Dashboard

Peatland condition based on BRG classification system. Degraded peatlands denote areas where there is evidence of forest loss or canal construction. Burned areas are calculated based on fires in the period 2015 – 2019. 

Land use breakdown according to KLHK data on land cover. ‘Non-concession’ are areas that have not been officially designated for conservation but also are not being cultivated. 

Estimated cultivation profit is calculated based on the breakdown of estate and smallholder cultivation activities under each land use category. For agriculture there are not more detailed data on what is cultivated, so it is assumed land under the ‘Agriculture’ category is rice production. The economics of each category is then calculated by multiplying the number of hectares for each by the revenues and costs per hectare to estimate the profitability across the KHG or Regency. 

Carbon statistics are based on the condition of the input peatland areas and the current activities on the land, and only consider below ground (peat) carbon. Carbon stock measurements are based on data from the Government of Indonesia where available. Stock calculation was made using logarithmic function (Dairiah, 2014). Some KHG or Regency do not have carbon data and will return an error. 

Emissions are calculated using IPCC/KLHK emissions factors based on land use type and condition (National FREL, Republic of Indonesia, 2016). The 30-year carbon stock diagram assumes constant emissions over time, i.e. no restoration takes place. 

Both carbon stock and emission calculations are done on Tier 1 details. These are not definitive and should act as general guideline for carbon estimates. 

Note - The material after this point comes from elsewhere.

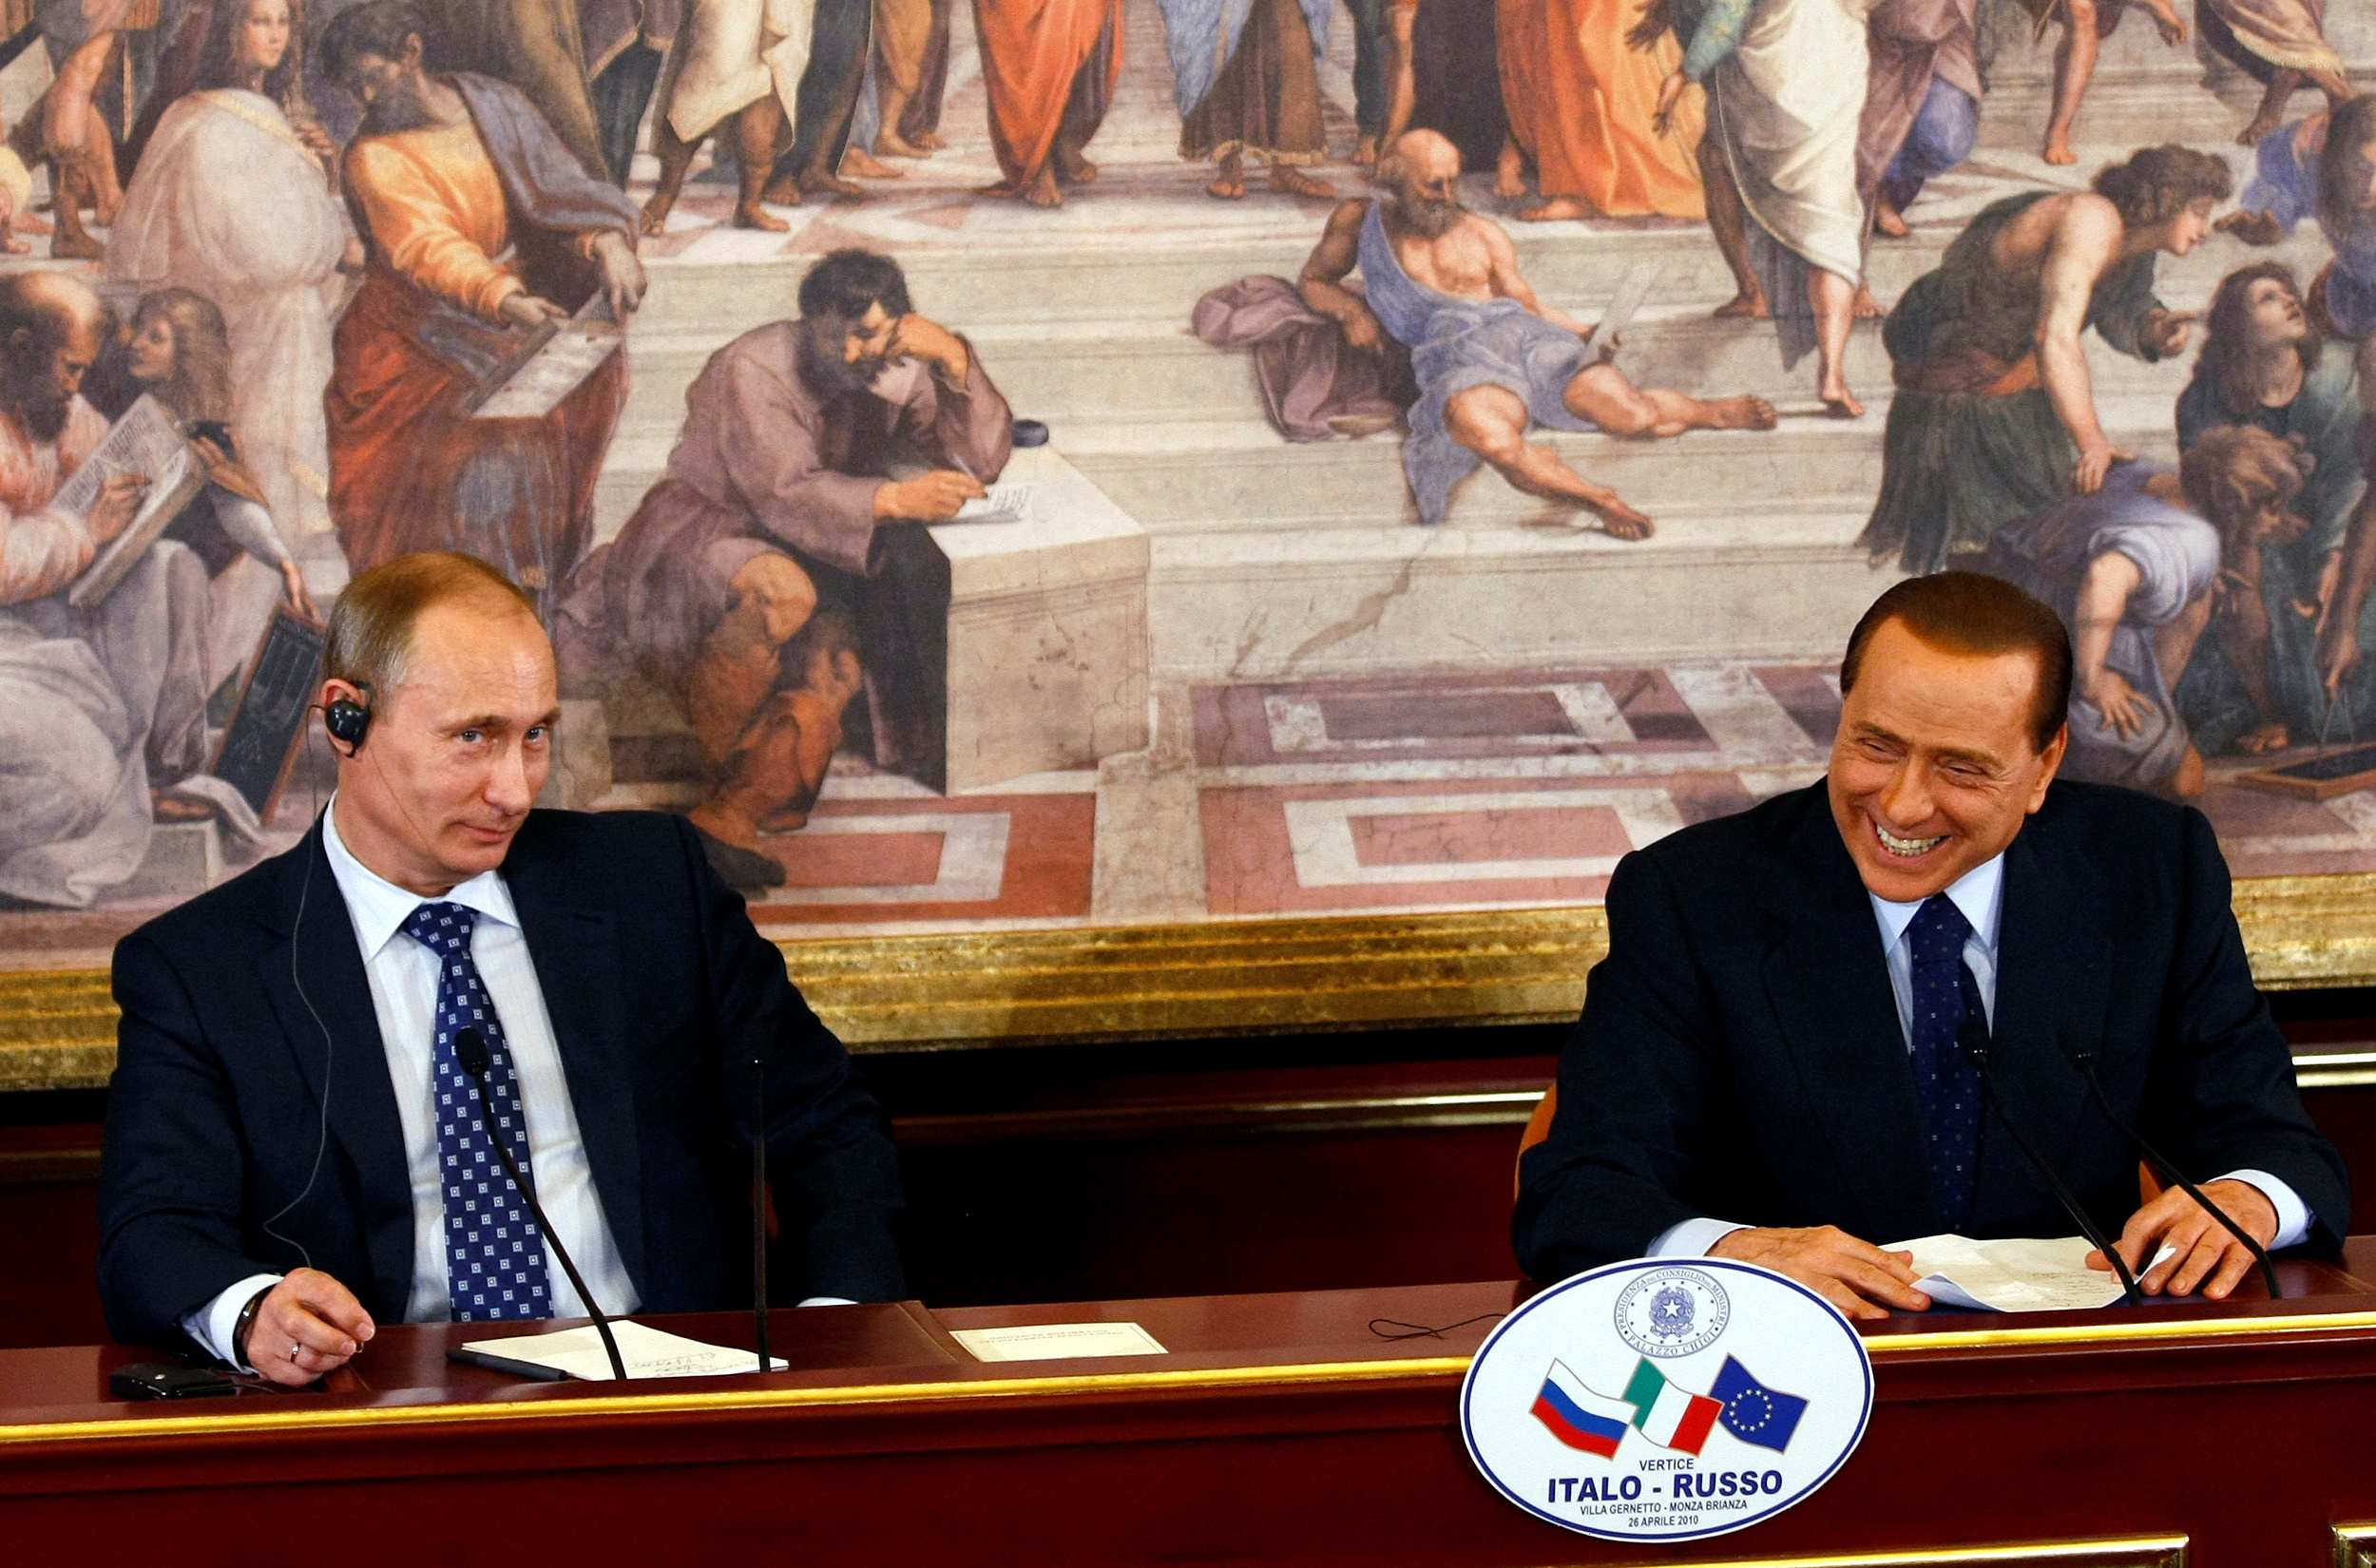 El ex primer ministro italiano Silvio Berlusconi sonríe mientras el presidente ruso Vladimir Putin mira durante una conferencia de prensa en una cumbre en Villa Gernetto en Gerno, cerca de Milán, el 26 de abril de 2010.  REUTERS/Alessandro Garofalo

Investment need is broken down into restoration cost and new business model CAPEX. Restoration cost is calculated based on data from BRG and takes in to account current land use characteristics to estimate the amount of hydrological restoration needed as well as revegetation and training on peatland management, according to BRG’s 3R approach (rewetting, revegetation, revitalization). 

CAPEX is the initial investment needed to implement a new business model. CAPEX figures will vary depending on which desired new business models the user has selected on which areas. For example, if the user selects ‘From Pulp to Paludiculture’, the model will search how much land is currently under pulp production, then apply the cost of clearing and replanting that land with paludiculture species in order to calculate the CAPEX. 

OPEX figures are the yearly running costs of the new business model will also depend on which new model the user selects.

Revenue of new business models is estimated base on research and interviews from various project operators. The revenue of a carbon business model will depend on the user input on carbon price. These revenue figures are then combined with costs to obtain the profitability of new business models once they are fully established. Note that these figures do not constitute a detailed financial forecast and are indicative of the performance of each business model. 

CAPEX, OPEX, and Revenue assumptions are derived from the combination of desktop research, i.e. companies’ published financials and annual reports, carbon project documentations; published research papers; extrapolation of historical data; and interviews with relevant actors. These are estimates in by no means an accurate predictor of future performance. Any discrepancies with actual data past and/or future may occur due to differences in data source, market conditions, and unmodelled variables. 

Description of ‘New business models:

Fire-free: The fire-free business model option assumes that current cultivation continues but with new fire-management practices by concession companies and smallholders. Under the new model, producers in one KHG would join resources together to create buffer zones with a central monitoring authority to reduce fire risk. This business model can increase profitability by reducing losses from fire damage. 

Carbon: A carbon-based business model assumes the land manager restores the land and monetizes the carbon benefits from generated from doing so. Restoring the land would create immediate emissions reductions from reducing peat decomposition and eventually increasing carbon sequestration. The land manager can then certify these results and generate carbon credits that can then be sold to the market. 

Paludiculture: Paludiculture means the cultivation of peat-friendly species that can thrive on un-drained peatland areas. There are several paludiculture species that can be cultivated for production of food, fibre or fuel and therefore create value out of undrained peatlands. For this analysis, it is assumed that the two paludiculture crops sago and purun are used. Note that it may take several years for the crops to mature and start producing a profit. 

Carbon + Paludiculture: Because paludiculture production involves the re-wetting of drained peatlands it can produce significant carbon benefits from reducing peat degradation. Both carbon and paludiculture business models can, theoretically, therefore be combined by monetizing the emissions reductions while also planting new paludiculture species for cultivation. 

This card gives an estimation of the demographics of the input area, including the age, education and profession. Data are based on 2019 survey results from [Disdukcapil] taken at the sub-district level and then calculated based on the overlap of the sub-district and the input area. The calculation assumes even population distribution within the sub-district, so may vary from actual demographics in the selected area.